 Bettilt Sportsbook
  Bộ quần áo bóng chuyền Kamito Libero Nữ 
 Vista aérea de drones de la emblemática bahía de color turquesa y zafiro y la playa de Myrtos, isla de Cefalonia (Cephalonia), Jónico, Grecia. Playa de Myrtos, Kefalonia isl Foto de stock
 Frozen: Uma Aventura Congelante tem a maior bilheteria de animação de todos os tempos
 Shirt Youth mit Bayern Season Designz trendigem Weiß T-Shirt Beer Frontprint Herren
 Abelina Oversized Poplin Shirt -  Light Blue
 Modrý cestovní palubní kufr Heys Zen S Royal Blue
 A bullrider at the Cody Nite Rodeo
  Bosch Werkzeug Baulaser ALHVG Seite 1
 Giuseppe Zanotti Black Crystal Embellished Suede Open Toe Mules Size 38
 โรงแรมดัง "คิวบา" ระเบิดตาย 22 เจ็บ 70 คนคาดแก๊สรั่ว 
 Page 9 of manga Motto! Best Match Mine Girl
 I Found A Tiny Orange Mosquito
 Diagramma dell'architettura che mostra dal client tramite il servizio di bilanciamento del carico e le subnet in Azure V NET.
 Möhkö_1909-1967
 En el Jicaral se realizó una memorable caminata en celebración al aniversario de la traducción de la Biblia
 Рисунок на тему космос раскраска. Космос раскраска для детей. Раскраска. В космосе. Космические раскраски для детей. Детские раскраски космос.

> _TASK TO COMPLETE_: Reproduce the records above exactly.

> _RESPONSE BELOW_:
 Bettilt Sportsbook
  Bộ quần áo bóng chuyền Kamito Libero Nữ 
 Vista aérea de drones de la emblemática bahía de color turquesa y zafiro y la playa de Myrtos, isla de Cefalonia (Cephalonia), Jónico, Grecia. Playa de Myrtos, Kefalonia isl Foto de stock
 Frozen: Uma Aventura Congelante tem a maior bilheteria de animação de todos os tempos
 Shirt Youth mit Bayern Season Designz trendigem Weiß T-Shirt Beer Frontprint Herren
 Abelina Oversized Poplin Shirt -  Light Blue
 Modrý cestovní palubní kufr Heys Zen S Royal Blue
 A bullrider at the Cody Nite Rodeo
  Bosch Werkzeug Baulaser ALHVG Seite 1
 Giuseppe Zanotti Black Crystal Embellished Suede Open Toe Mules Size 38
 โรงแรมดัง "คิวบา" ระเบิดตาย 22 เจ็บ 70 คนคาดแก๊สรั่ว 
 Page 9 of manga Motto! Best Match Mine Girl
 I Found A Tiny Orange Mosquito
 Diagramma dell'architettura che mostra dal client tramite il servizio di bilanciamento del carico e le subnet in Azure V NET.
 Möhkö_1909-1967
 En el Jicaral se realizó una memorable caminata en celebración al aniversario de la traducción de la Biblia
 Рисунок на тему космос раскраска. Космос раскраска для детей. Раскраска. В космосе. Космические раскраски для детей. Детские раскраски космос.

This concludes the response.